Il y a des hommes politiques qui gouvernent. D’autres qui improvisent. Et puis il y a Donald Trump, qui transforme chaque sujet en série Netflix saison 47, avec effets spéciaux spirituels et rebondissements théologiques non autorisés par Rome.

Donc voilà Trump, tranquille, en mode « faiseur de rois », qui se réveille un matin et décide que la papauté aussi est une option dans sa fiche de posts. Président, magnat, et désormais influenceur faiseur de pape. Rien que ça. La prochaine étape logique : il sera faiseur de Saint-Esprit, si le timing publicitaire est bon.

Face à lui, le pape Léon XIV, calme, posé, soporifique et probablement en train de penser à la paix mondiale, ou à autre chose à peine moins ridicule, lâche une phrase sur la paix. Un classique Vatican, sobre et ennuyeux. Et soudain, Trump surgit, répond comme on commente un match de golf : « Si je n’avais pas été élu, tu ne serais pas au Vatican. »

On passe du bras de fer diplomatique au fantasy football religieux. Manque plus que les cartes à collectionner : « Pape rare, édition Trump 2026, +10 en humilité douteuse ».

Le Vatican doit relire trois fois la phrase pour vérifier qu’il s’agit bien d’un chef d’État et pas d’un fil Twitter généré par une IA flagada.

Pour un « mot d’esprit » en mode Trump, le monde rentre en transe ; en Italie, ça s’étrangle élégamment. Giorgia Meloni parle « d’inacceptable », ce qui, en politique italienne, correspond à un hurlement intérieur avec gestuelle contrôlée. Et Trump, fidèle à lui-même, répond en mode rupture sentimentale : « Je pensais qu’elle était courageuse. J’avais tort. » C’est moins une diplomatie qu’un speed dating géopolitique.

Aux États-Unis, ça panique dans tous les sens. Chez les catholiques et les évangéliques, c’est la révolution. Et le vice-président tente la technique universelle, la phrase officielle des catastrophes mal calibrées : « Oh ça va ! C’était une blaaague ! »

Mais le plus beau, c’est le réflexe final : la suppression du message. Et là, soudain, le miracle contemporain se produit. Algorithmique et électoral. Enfin, Trump découvre qu’on ne plaisante pas éternellement avec les symboles sacrés quand 50 millions de catholiques regardent le fil.

On appelle ça la politique moderne : dire n’importe quoi en direct, puis prier l’algorithme de l’oubli.

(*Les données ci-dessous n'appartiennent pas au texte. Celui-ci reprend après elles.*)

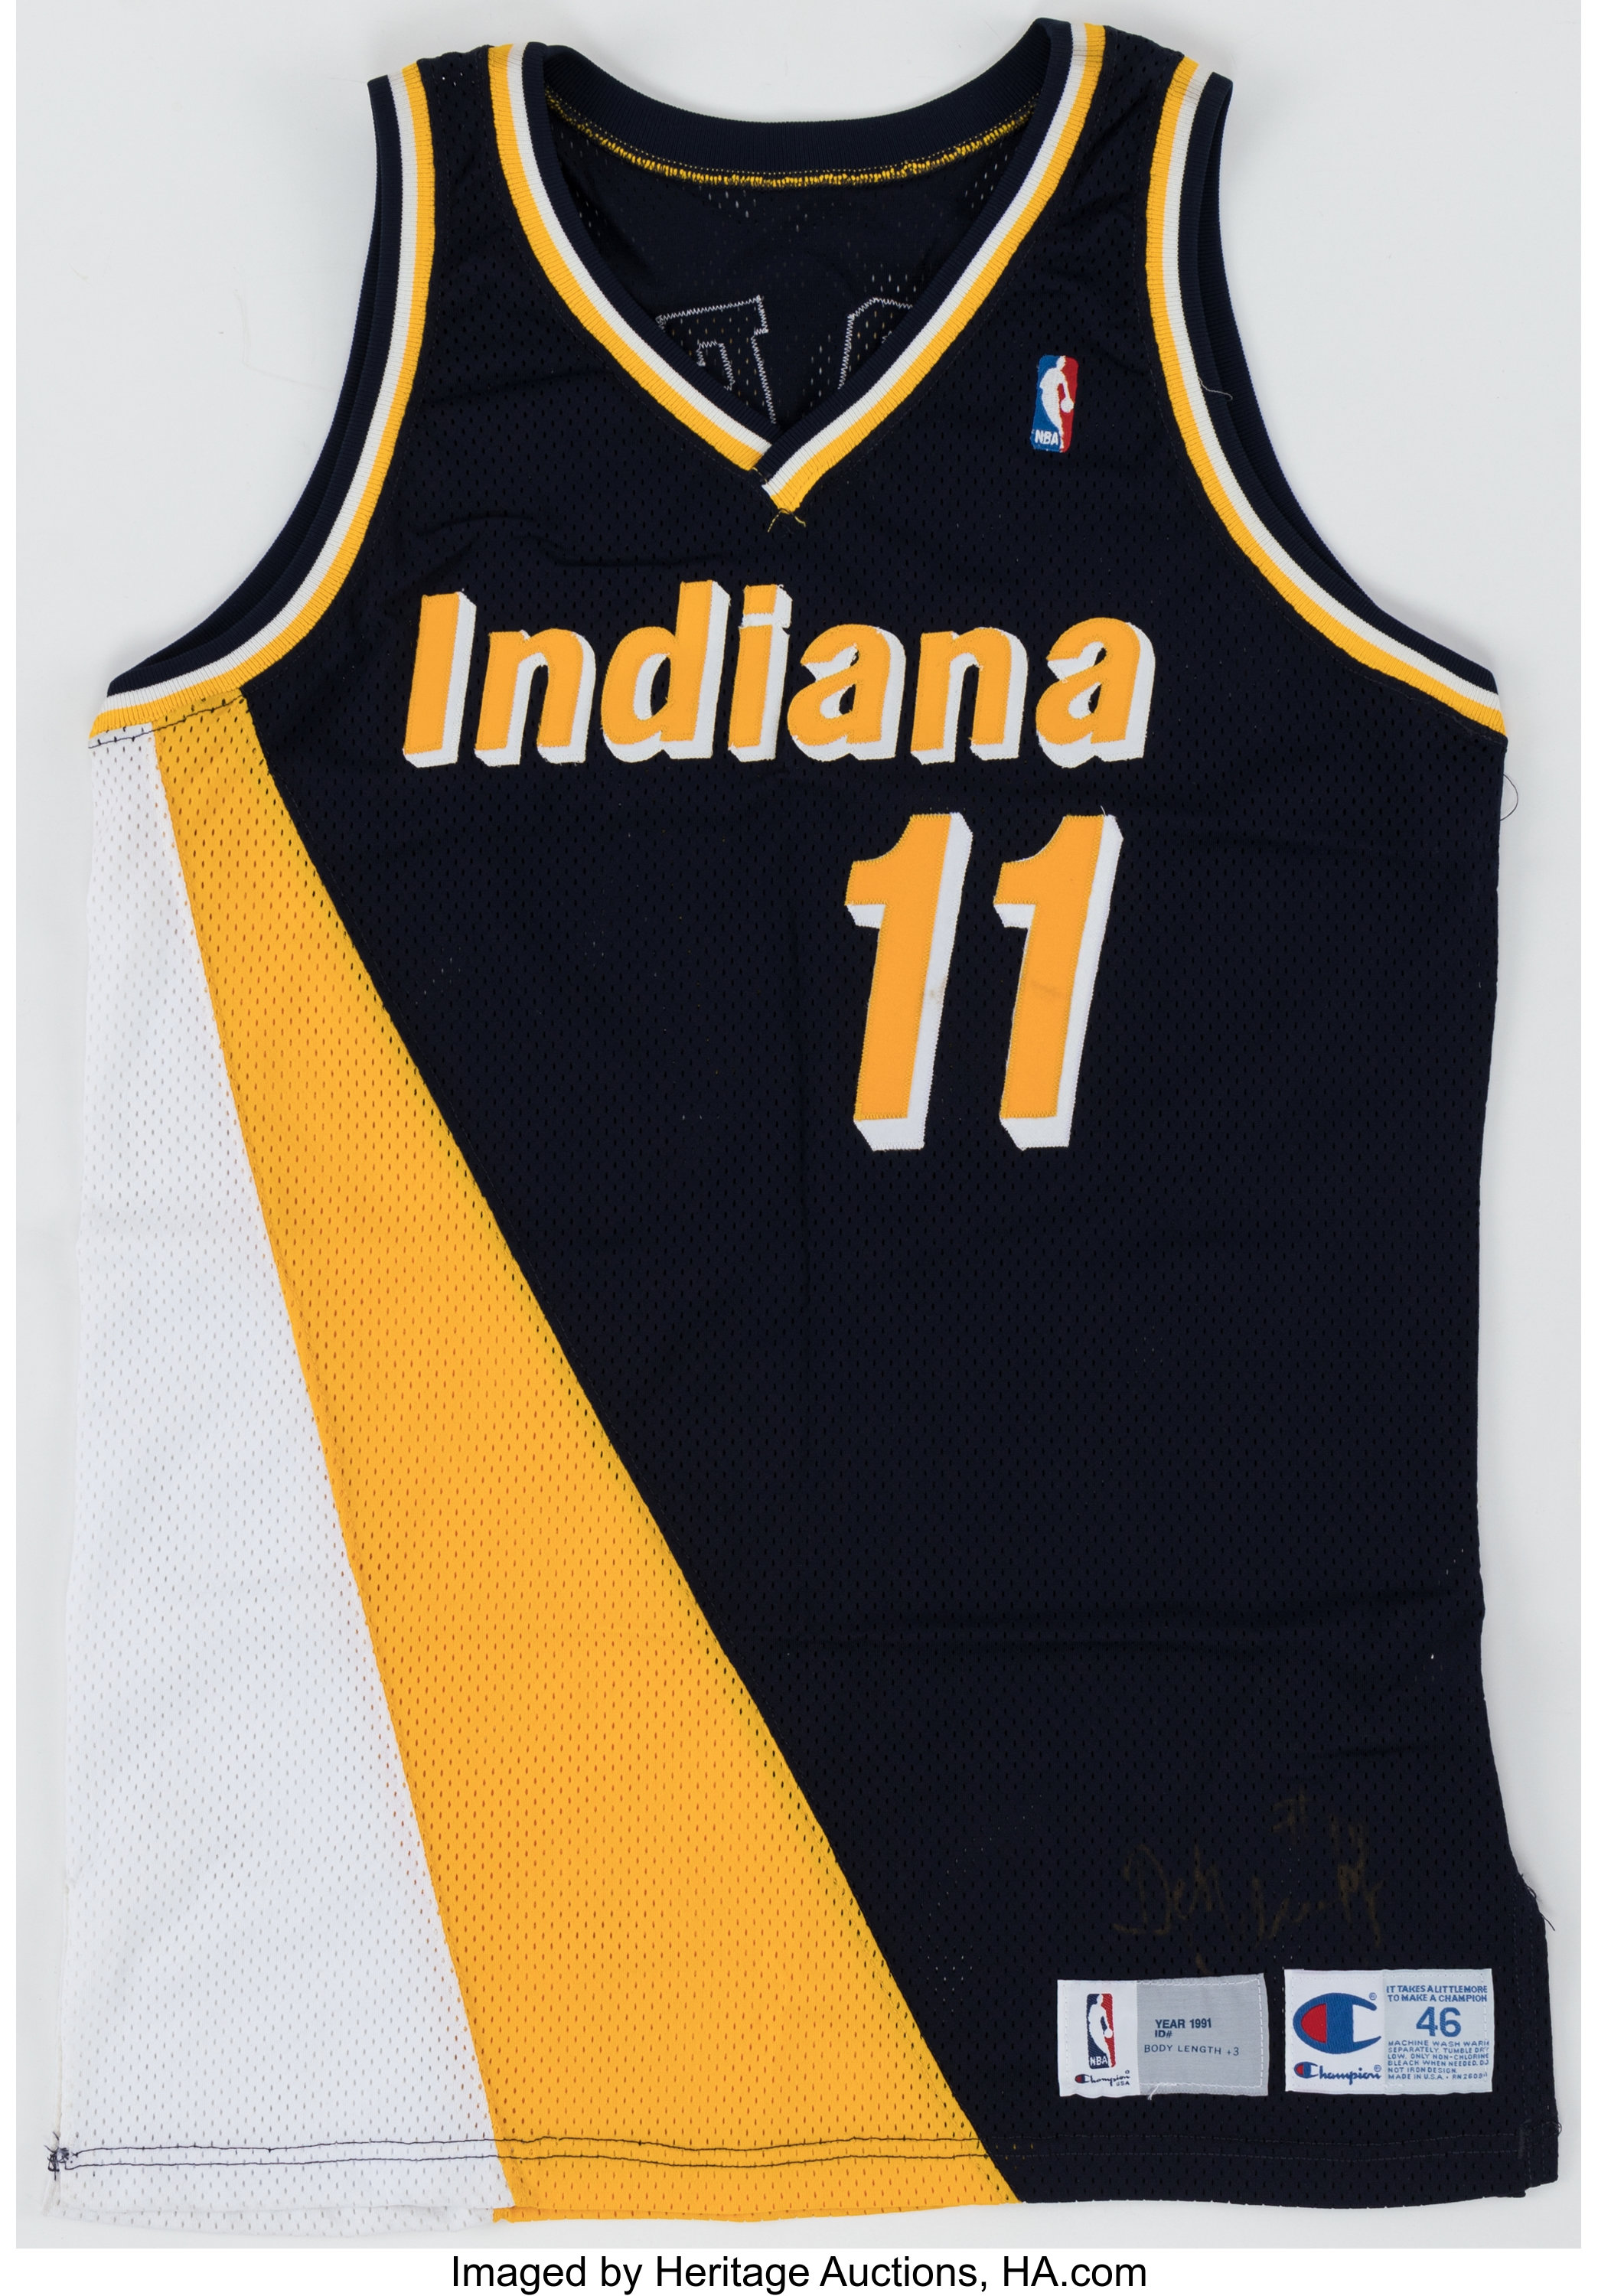 Indiana Pacers current uniforms

Et, quelque part, entre un tweet supprimé et une papauté involontairement secouée, il reste cette impression étrange que le monde est dirigé par des gens qui testent leurs idées comme des filtres Instagram. Certains leur vont bien. D’autres font immédiatement penser à une erreur de civilisation.

Trump continue de se défouler et de sourire parce que, dans son univers, même les scandales ont une stratégie. Même le Vatican devient un épisode pilote. Et même Dieu, probablement, attend de voir s’il doit répondre simplement Amen ou ignorer le thread.